MetricTypeLabelsDescription
deltaglider_cache_hits_totalCounterReference cache hits (cheap Bytes refcount clone)
deltaglider_cache_misses_totalCounterReference cache misses (triggers backend read)
deltaglider_cache_size_bytesGaugeCurrent weighted cache size (updated on scrape)
deltaglider_cache_entriesGaugeCurrent number of cached reference entries
deltaglider_cache_max_bytesGaugeConfigured max capacity (constant, set at startup)
deltaglider_cache_utilization_ratioGaugeweighted_size / max_capacity (0.0–1.0)
deltaglider_cache_miss_rate_ratioGaugemisses / (hits + misses) since startup (0.0–1.0)
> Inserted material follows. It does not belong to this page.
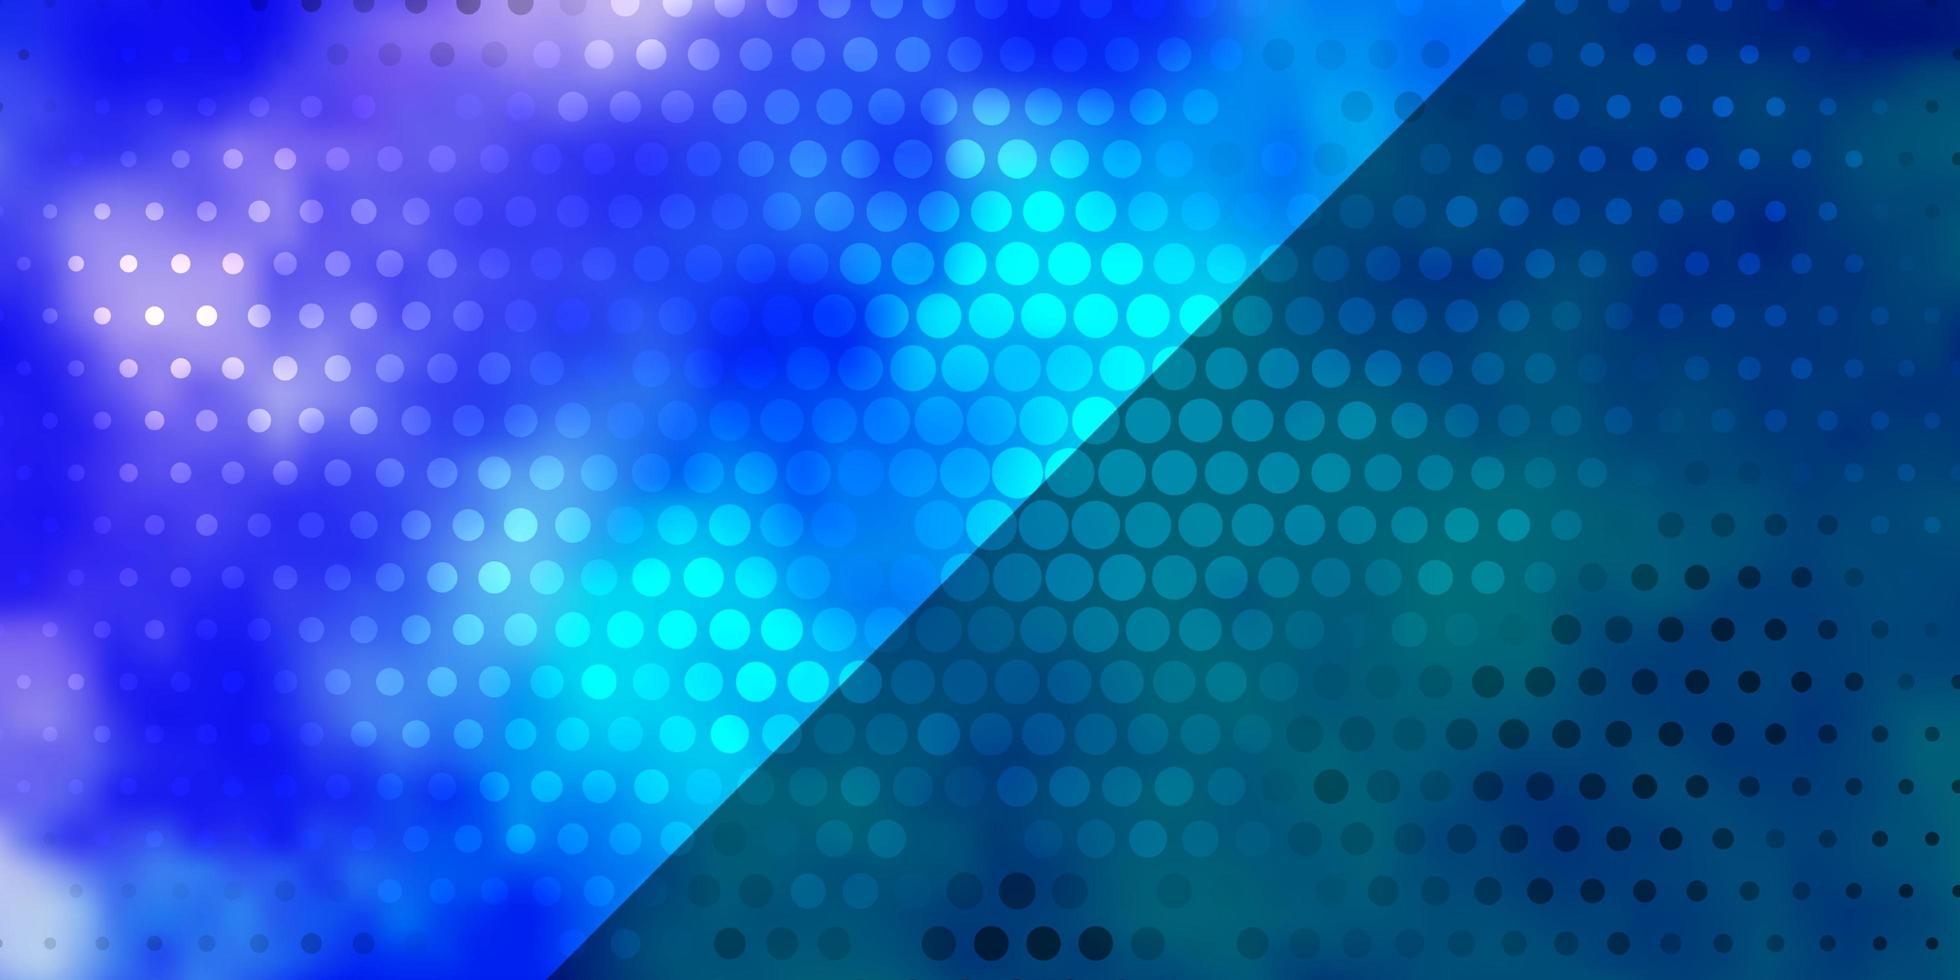 hellrosa, blaues Vektormuster mit Kreisen. vektor

The ratio gauges are pre-computed so dashboards + alerts don't need PromQL arithmetic:

deltaglider_cache_utilization_ratio > 0.9   # cache nearly full
deltaglider_cache_miss_rate_ratio > 0.5     # cache thrashing

Codec concurrency

MetricTypeLabelsDescription
deltaglider_codec_semaphore_availableGaugeAvailable xdelta3 subprocess permits. 0 = all slots busy

Auth

MetricTypeLabelsDescription
deltaglider_auth_attempts_totalCounterresultAuth attempts: success or failure
deltaglider_auth_failures_totalCounterreasonFailure breakdown: missing_header, invalid_presigned, invalid_signature

Auth metrics stay at zero when SigV4 is disabled.

Label cardinality

All label sets are bounded:

LabelMax values
method~5 (GET, PUT, HEAD, DELETE, POST)
status~15 HTTP status codes in practice
operation15 (see table above)
decision3 (delta, passthrough, reference)
result2 (success, failure)
reason3 (missing_header, invalid_presigned, invalid_signature)
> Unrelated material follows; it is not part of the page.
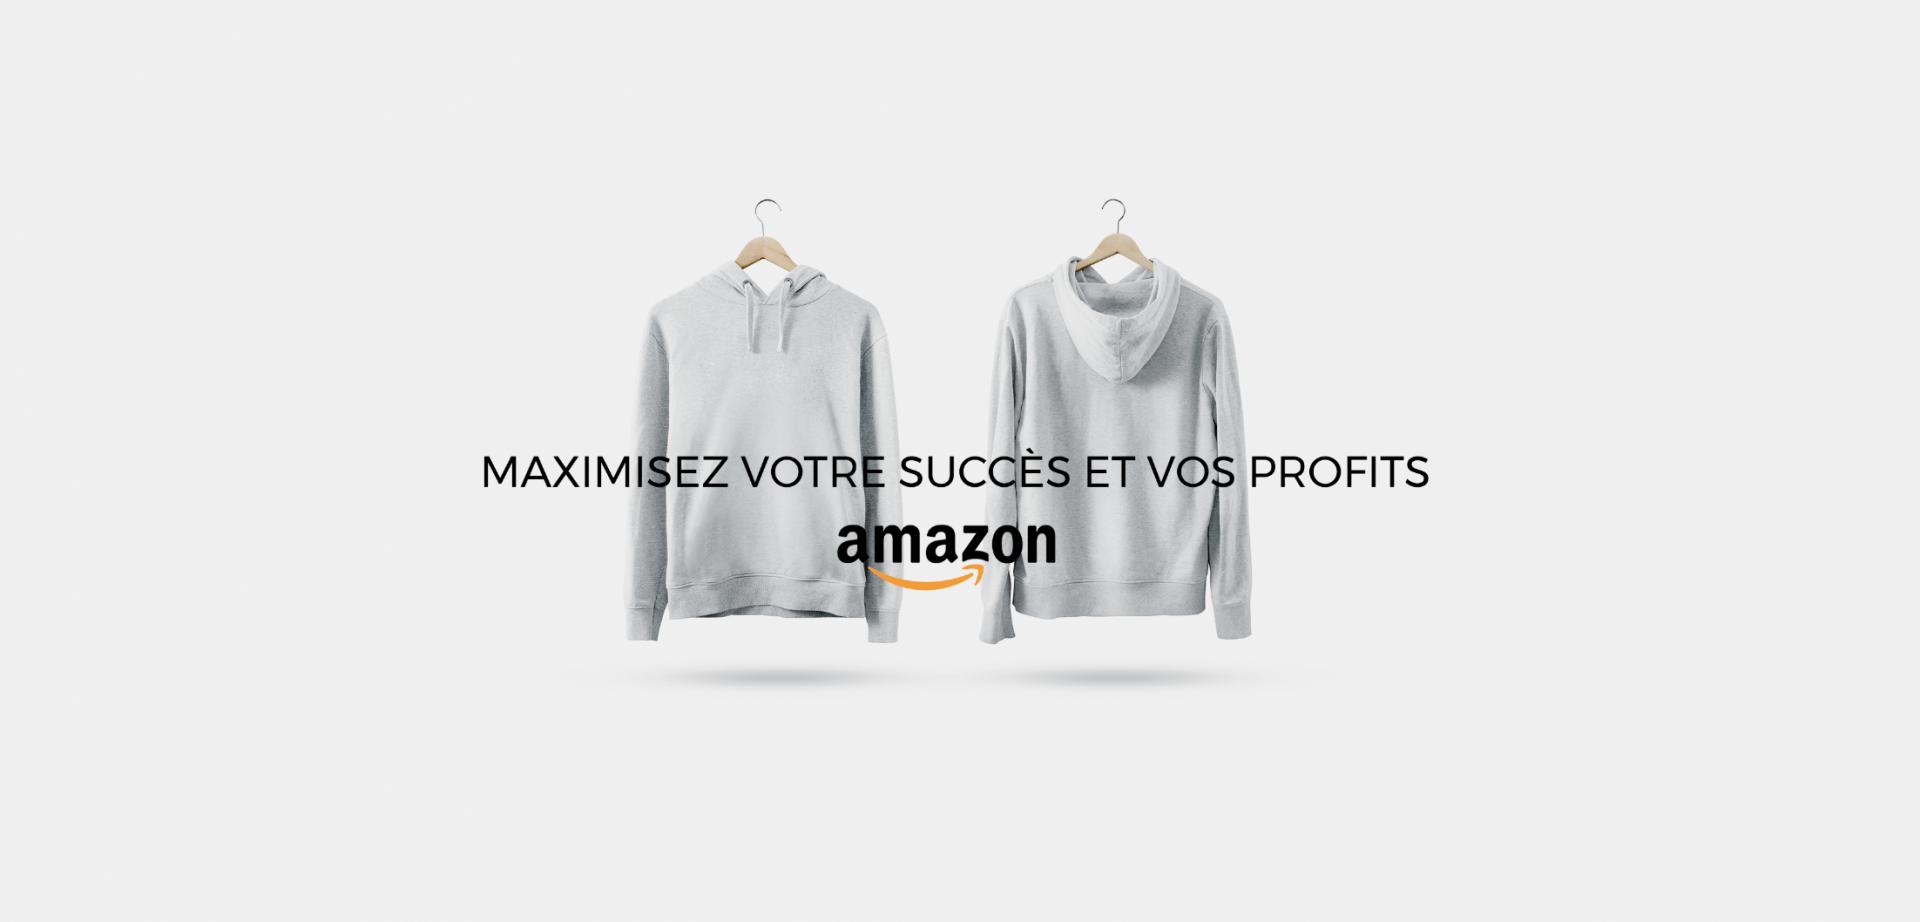 Amazon / Marketing / Fiscalité

No bucket names, no object keys in labels. No unbounded cardinality.

What's NOT in /_/metrics

/_/stats returns aggregate storage statistics (total_objects, total_original_size, total_stored_size, savings_percentage, truncated). These are intentionally excluded from /_/metrics because computing them requires scanning storage objects. The endpoint has a 10-second server-side cache and caps at 1,000 objects (the truncated field signals more exist). Use /_/stats for admin dashboards; use /_/metrics for Prometheus.

Implementation details

  • Counters and histograms use the prometheus crate's atomic collectors — no mutex on the hot path.
  • Gauges requiring state inspection (cache_size_bytes, codec_semaphore_available, process_peak_rss_bytes) are computed lazily on each scrape via O(1) atomic reads.
  • The HTTP metrics middleware sits between TraceLayer and auth, so it captures the full request lifecycle including auth time.
  • The process feature of the prometheus crate adds standard Linux process metrics. On macOS, only process_peak_rss_bytes is populated (via getrusage).